Supplied data

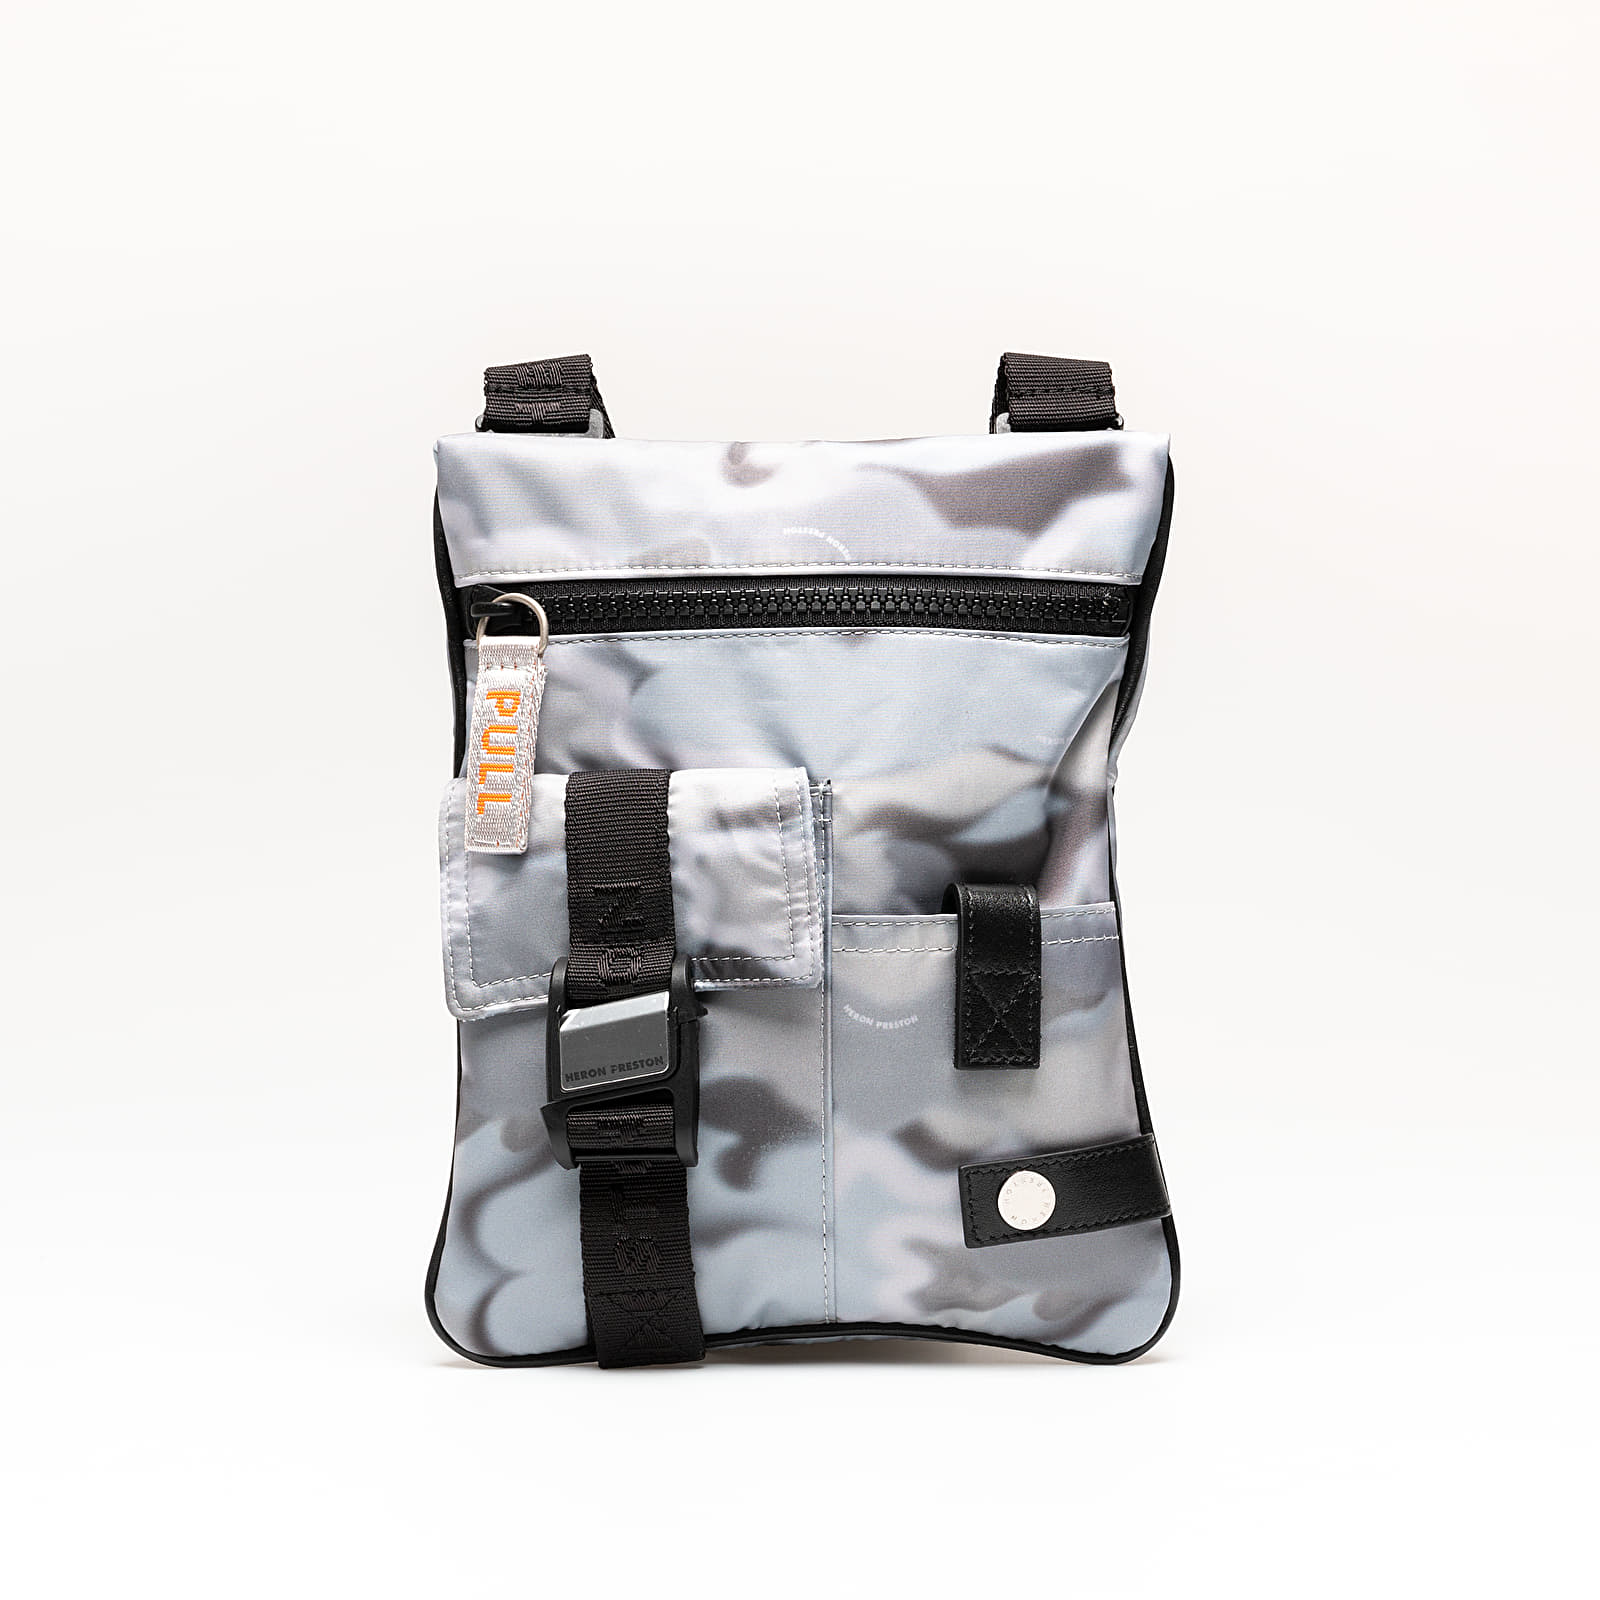 Genți de umăr HERON PRESTON Crossbody Bag Camo Multicolor
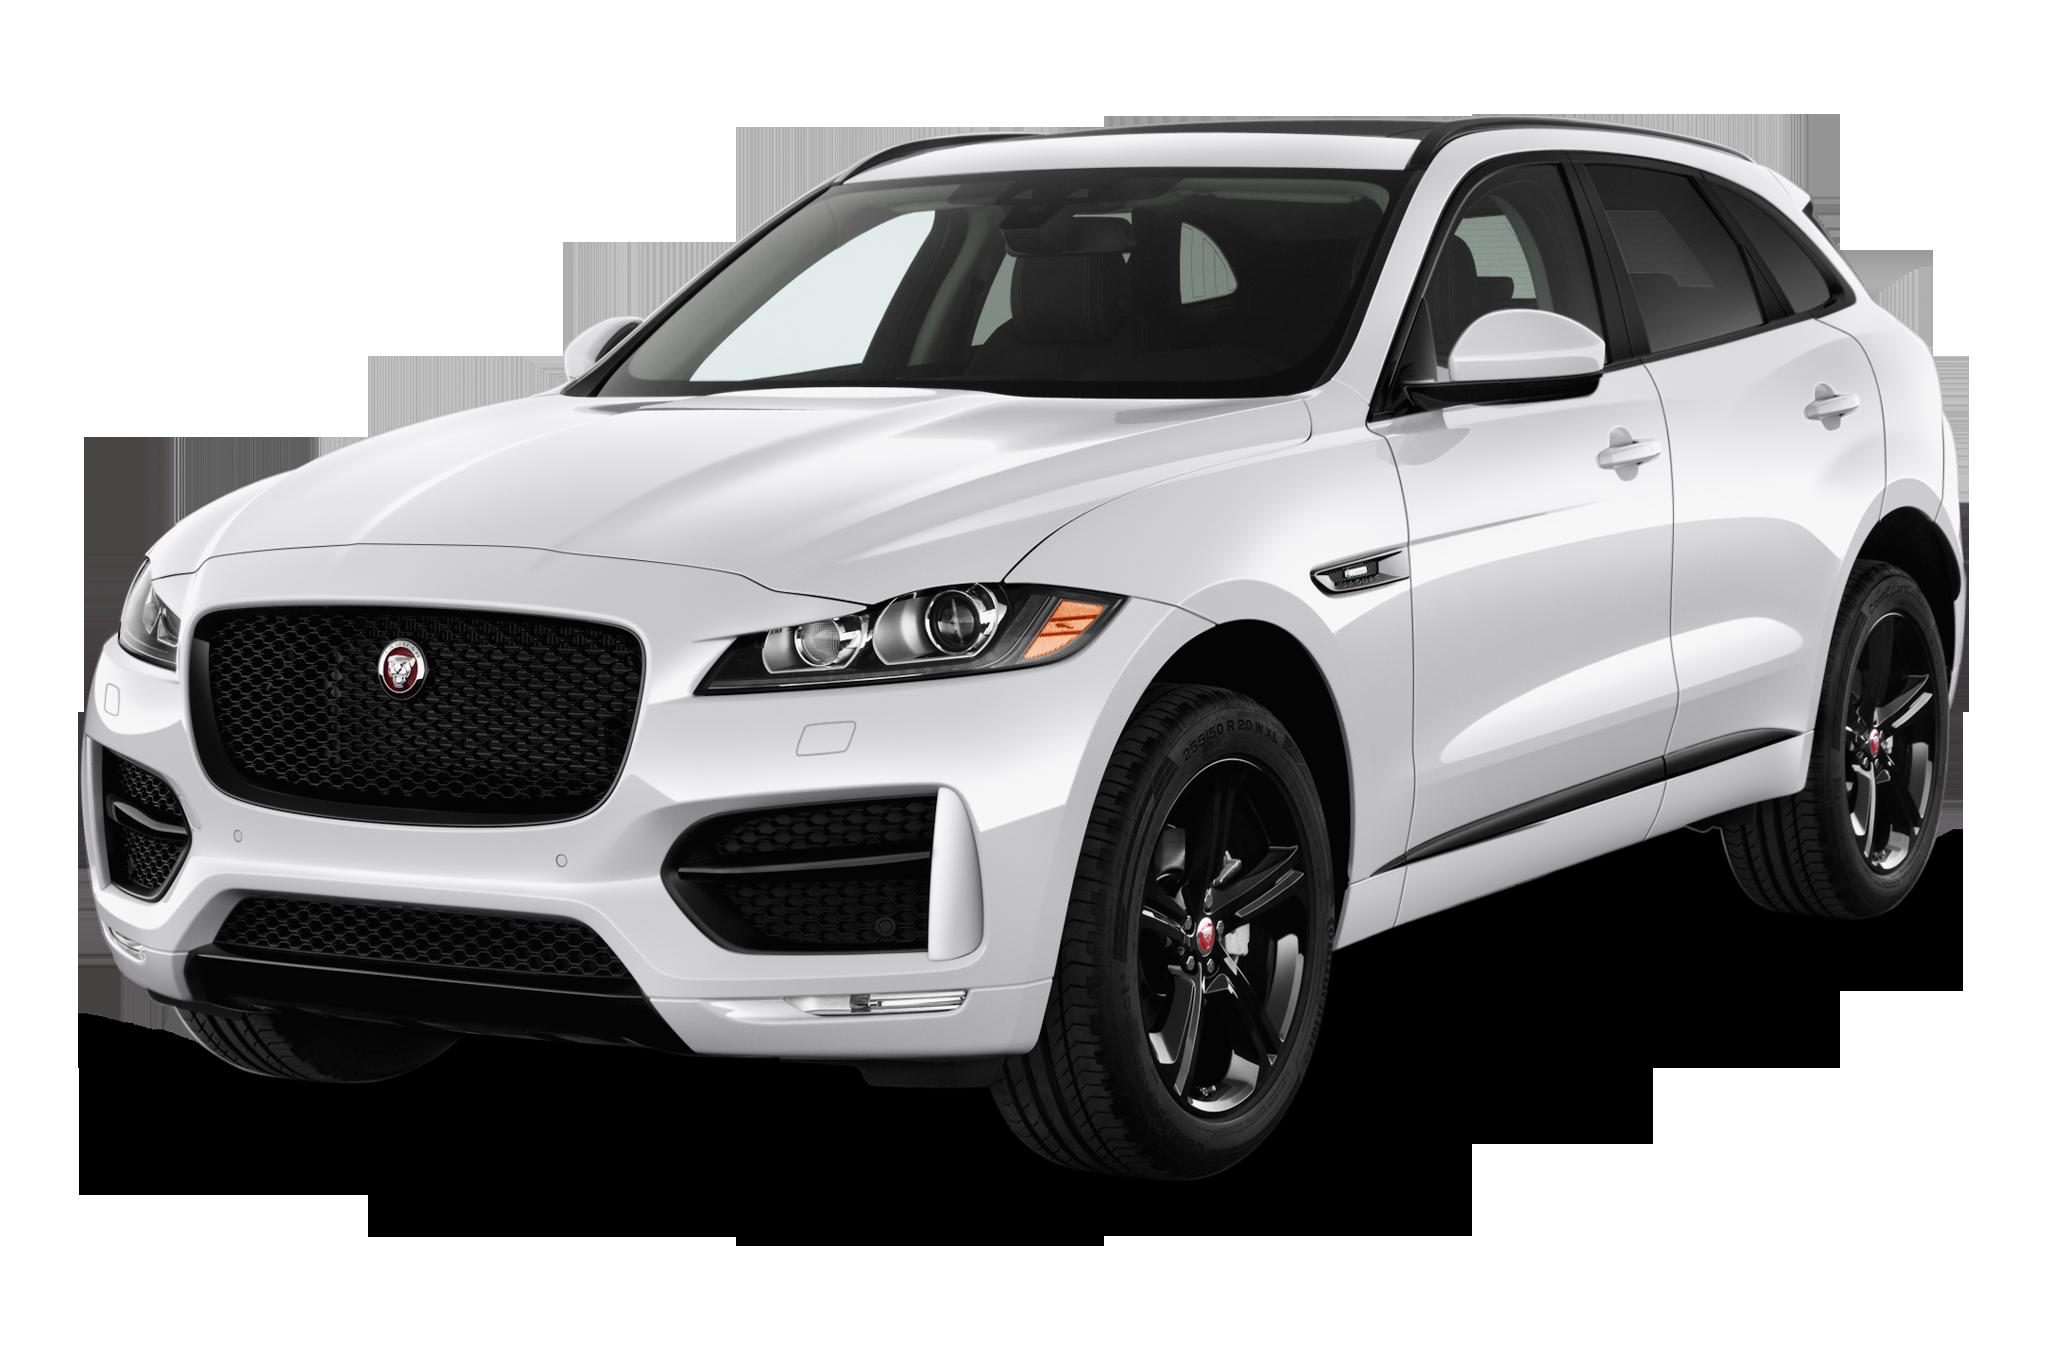 2018 jaguar f pace overview msn autos rh msn com
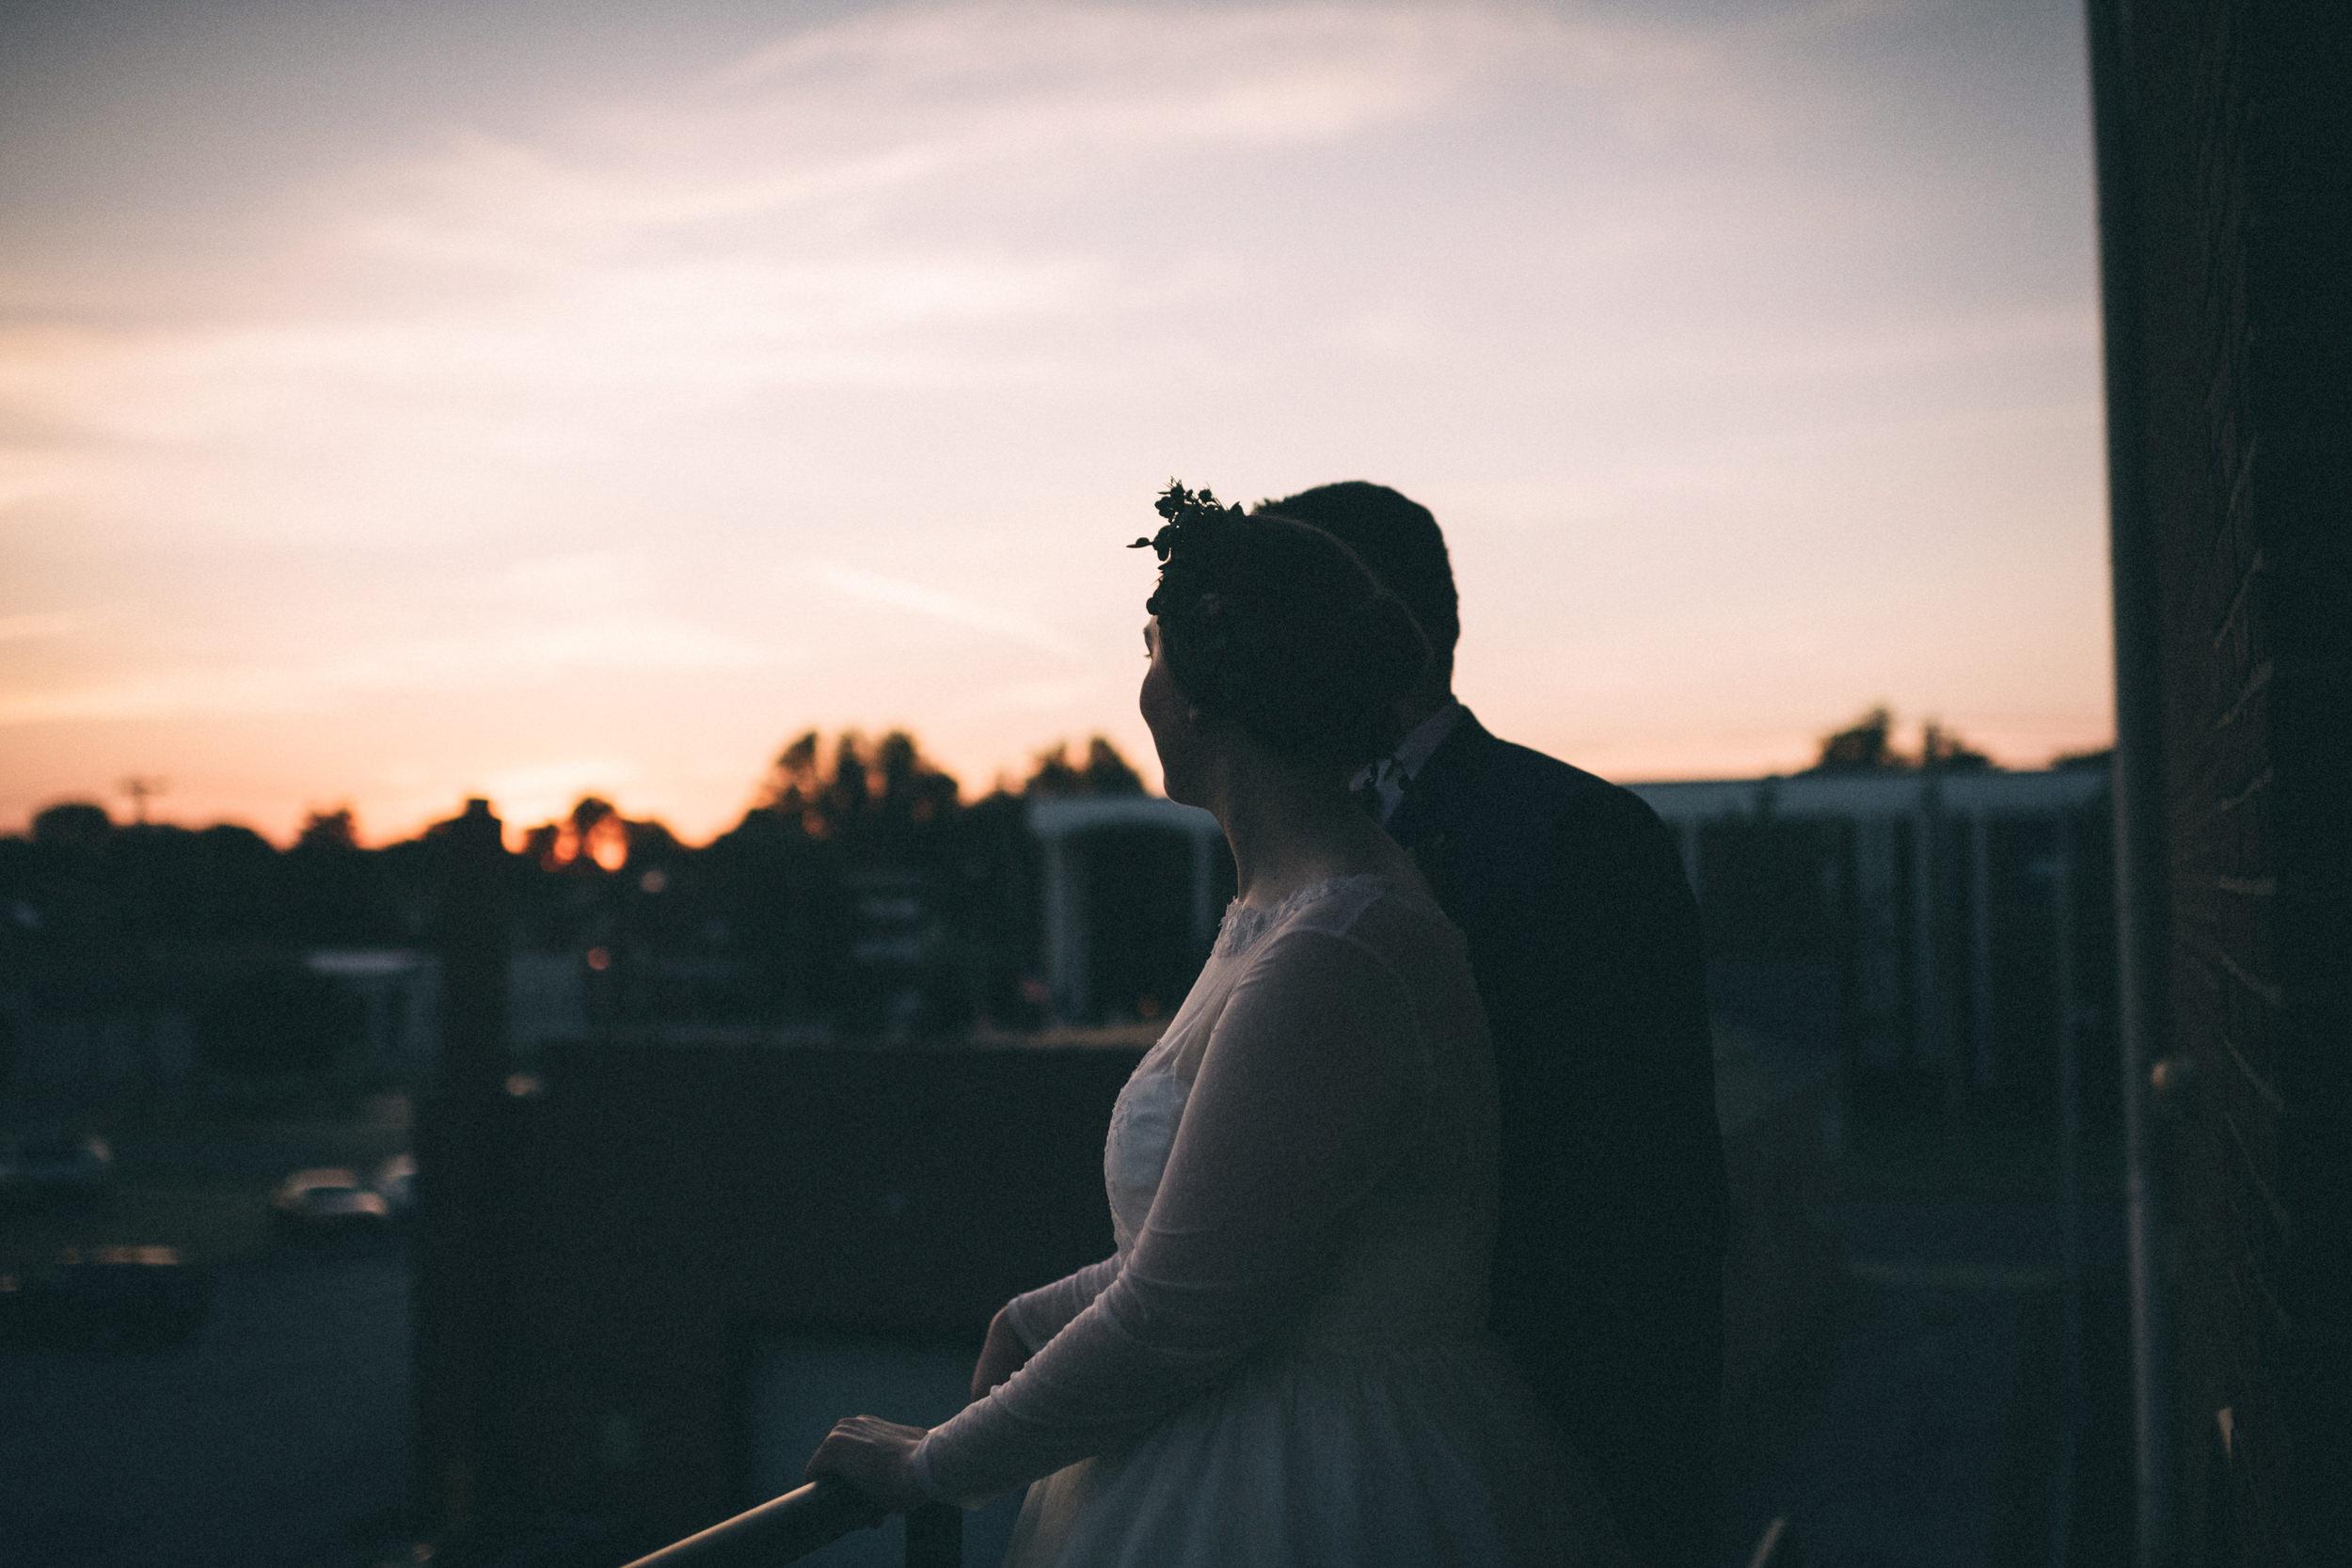 lauren-dean-wedding-grand-lodge-kentucky-sarah-katherine-davis-photography-653edit.jpg

Aim of the task
Please reproduce nothing but the lines from the one containing "2018 jaguar f" through the closing line of the listing, retyped word for word, pictures excluded.

Answer area
 2018 jaguar f pace overview msn autos rh msn com
 lauren-dean-wedding-grand-lodge-kentucky-sarah-katherine-davis-photography-653edit.jpg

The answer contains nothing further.